2. Else, is it better for her to apply for PR separately?

Thx in advance!!!

Regards
Bala


----------



## espresso (Nov 2, 2012)

Hi Bala, 

1. If your PR has already been granted, you cannot add her to the visa anymore - you should have included her as a dependent during processing. 

2. You could do that or apply for a partner visa for her. Note that - unless you have been in a relationship for 3+ years or have kids together - she will get a temporary partner visa (subclass 820) first and two years after that a permanent partner visa (subclass 801). The average processing time for the partner visa is 12 to 15 months, so if she is eligible for PR in her own right, I'd probably recommend that. 

Cheers, 
Monika


----------



## balamadu (Jul 30, 2011)

Hi Monika,

Thanks a lot for your quick response.

Actually, when I applied for PR I was not married hence couldn't include her name in the visa.

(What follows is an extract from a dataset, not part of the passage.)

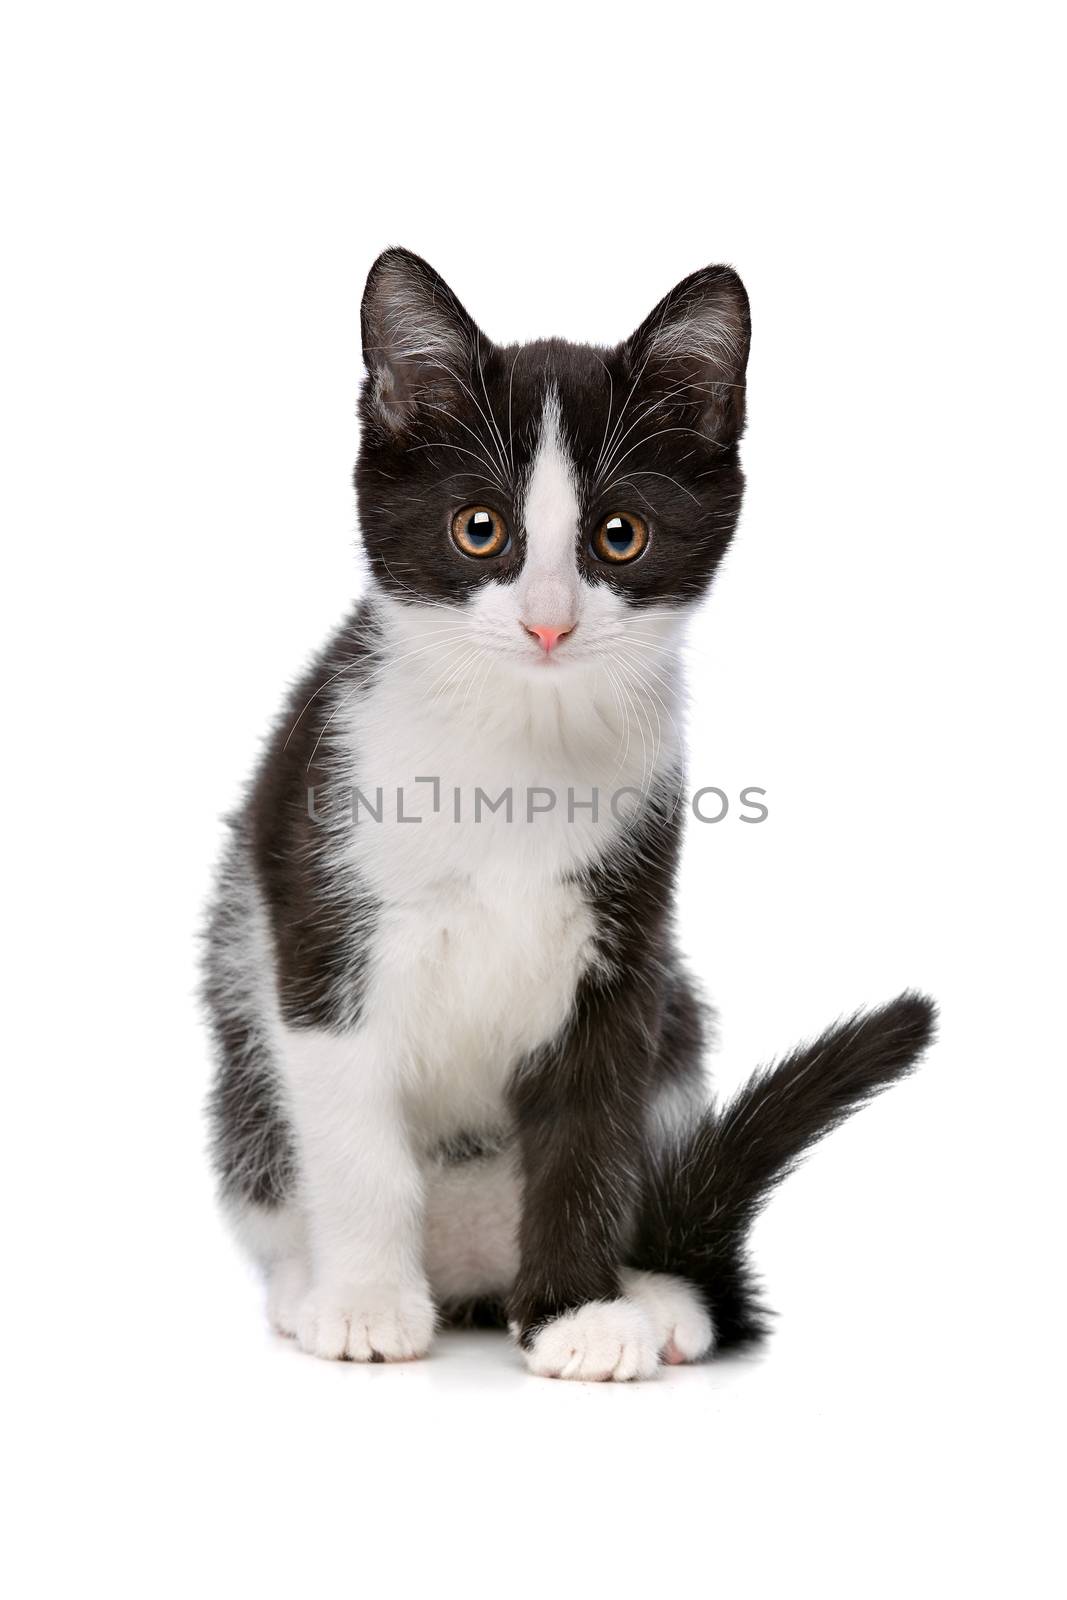 little black and white kitten by eriklam

Also, I checked the partner visa link and not able to find this point (you have been in a relationship for 3+ years or have kids together) for temporary partner visa. Pls let me know if you find it in the link.

One more thing is that she might want to bring her relatives here and in this case I think PR is better. Am I correct?

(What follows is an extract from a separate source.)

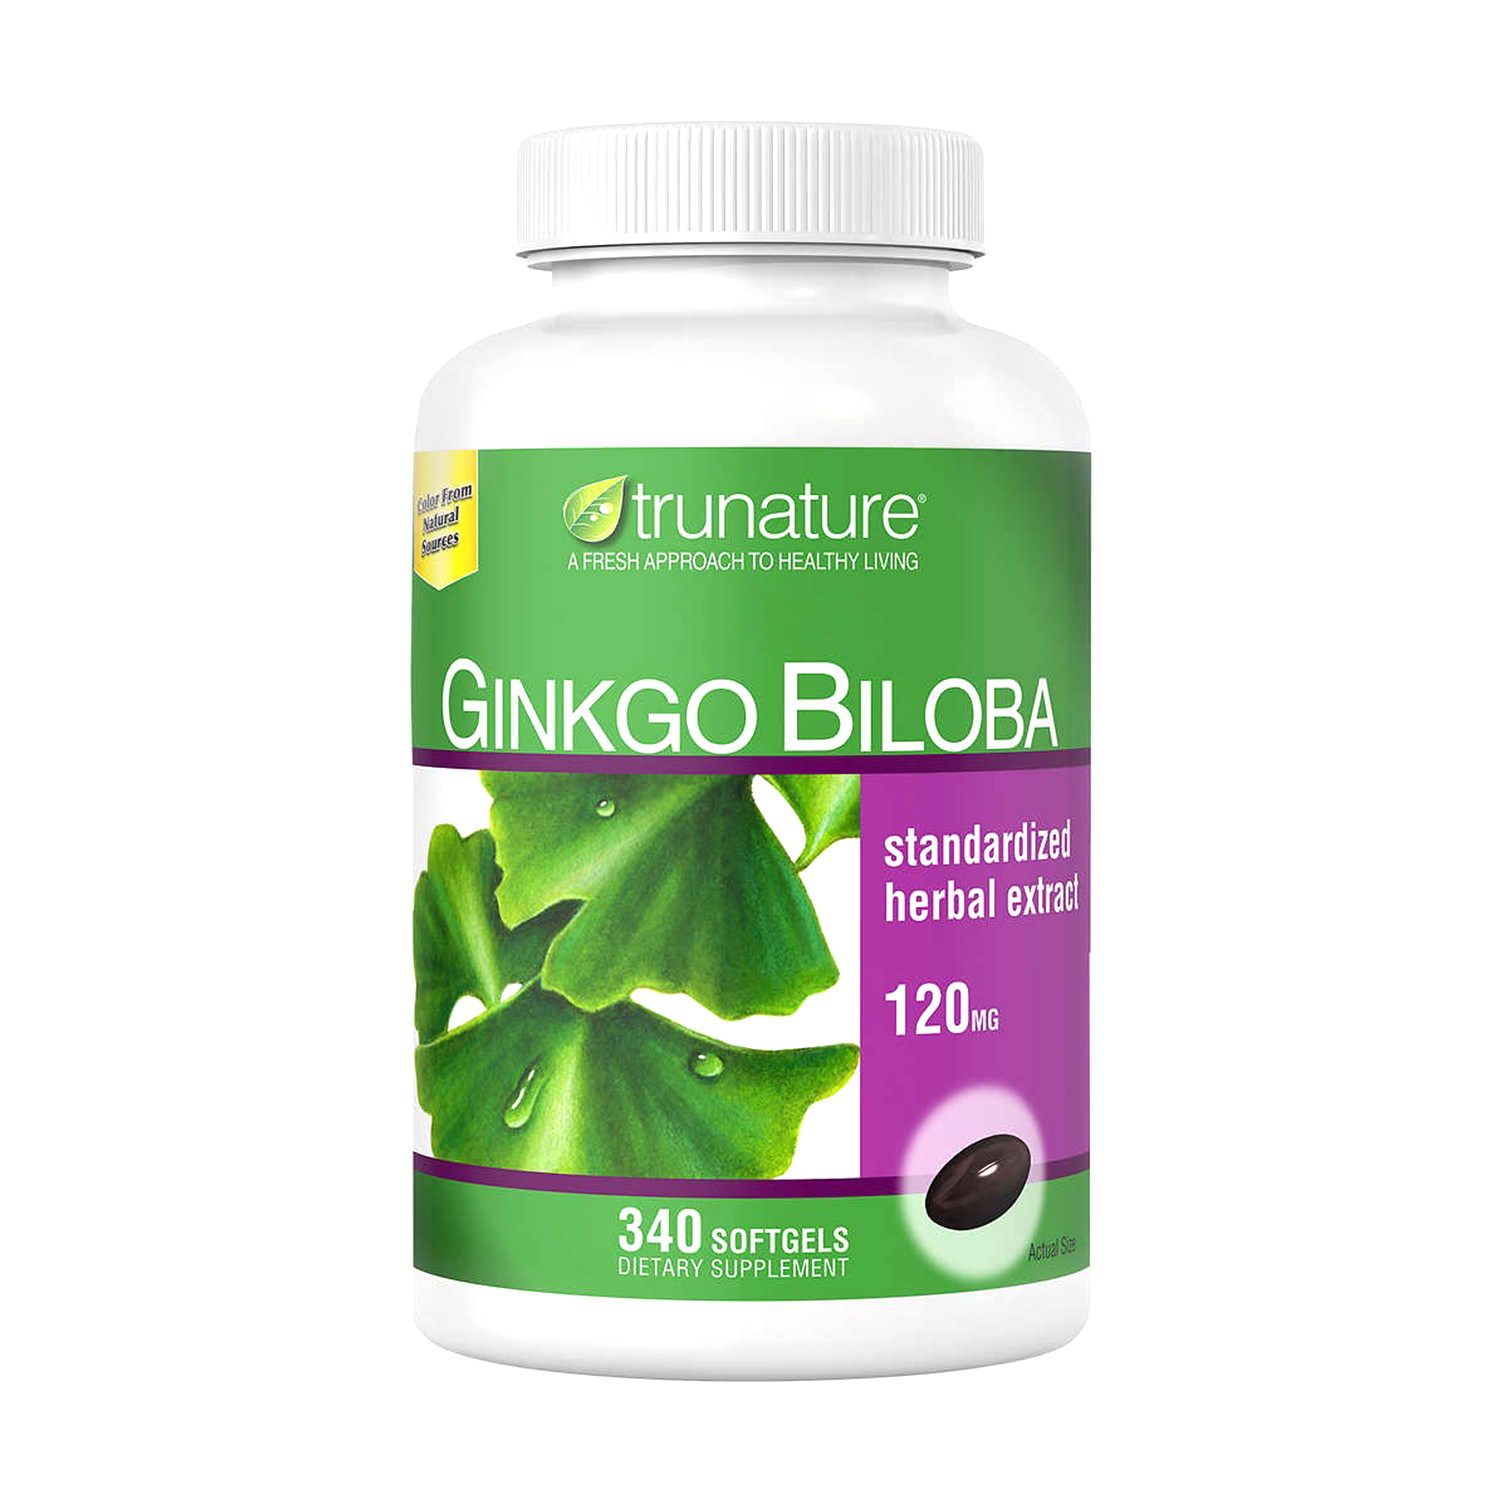 Viên uống Ginkgo Biloba giúp tăng cường tuần hoàn não- Hộp 340 viên của Mỹ thumbnail

I live in Sydney and how about you and your family?

Thanks
Bala


----------



## Guest (Feb 27, 2014)

She wont get PR. She will get a temporary spouse visa and in 2 years they will check you are still in a relationship and living as man and wife. If you are she will get PR then. 

What family would she want to bring? Its not that easy to just bring family into Australia to live unless they are 100% dependent and living in your hone.


----------



## espresso (Nov 2, 2012)

Hi Bala, 

it's on the 820 _"Visa holder"_ tab page, subsection _"Your permanent Partner visa"_. I cannot link to it directly due to the way the site is set up. It is only relevant if you want to get a _permanent_ partner visa faster, without waiting for two years. For a temporary partner visa you don't need to be married for a specified amount of time (or have kids ). 

Unfortunately you cannot include her dependents (other than kids) in the partner visa application, so yes, in that case applying for PR directly would probably be better. Make sure that her relatives are really _dependent_ on her in the way that DIBP defines dependency. For example, dependent relatives should "usually live with you" - which is probably not the case if she is in Australia on a 457 visa -, "not have a spouse or de facto partner", and "are wholly or substantially reliant on your financial support for their basic living needs". If that's not the case she cannot include them in her application.


----------



## balamadu (Jul 30, 2011)

_shel said:


> She wont get PR. She will get a temporary spouse visa and in 2 years they will check you are still in a relationship and living as man and wife. If you are she will get PR then.
> 
> What family would she want to bring? Its not that easy to just bring family into Australia to live unless they are 100% dependent and living in your hone.


Thanks _shel

May I know why she cannot apply for PR?

Reg bringing her family, its fine as we are not thinking about it at this point of time.

Regards
Mani


----------



## tipzstamatic (Aug 13, 2013)

balamadu said:


> Thanks _shel
> 
> May I know why she cannot apply for PR?
> 
> ...


I think _shel was pointing to the fact if you use your marriage to arrange for PR status - where _shel pertains to her getting a partner visa instead of PR. but your wife can consequently get PR status after the years specified of being in a partner visa.

for PR, she can apply independently since she's on 457 and go through process for 189 like most others here on the forum - although that can be more costly than the option above. (I think - anyone correct me on this)


----------



## ozbound12 (Mar 23, 2012)

balamadu said:


> Thanks _shel
> 
> May I know why she cannot apply for PR?
> 
> ...


She could apply for PR on her own if she meets the requirements for a 189 or 190 visa. If her employer is willing to sponsor her, then ENS (186 visa) could be an option, assuming she's been with her employer for at least 2 years.


----------



## ashwin040 (Jan 17, 2018)

Hi All, I have a PR and i need to raise PR for my wife. I have 2 questions:
1: Applying from india(visa 300/100) and applying from australia after getting her here on a tourist visa (802/800), are timelines same or different?? Which one is quicker??
2: Once i lodge the application, she will be getting a temporary visa and after 2 years she will be getting the full visa. Do companies recruit in temporary visa or she might find it difficult to get job on being in temporary visa??

Please guide me.


----------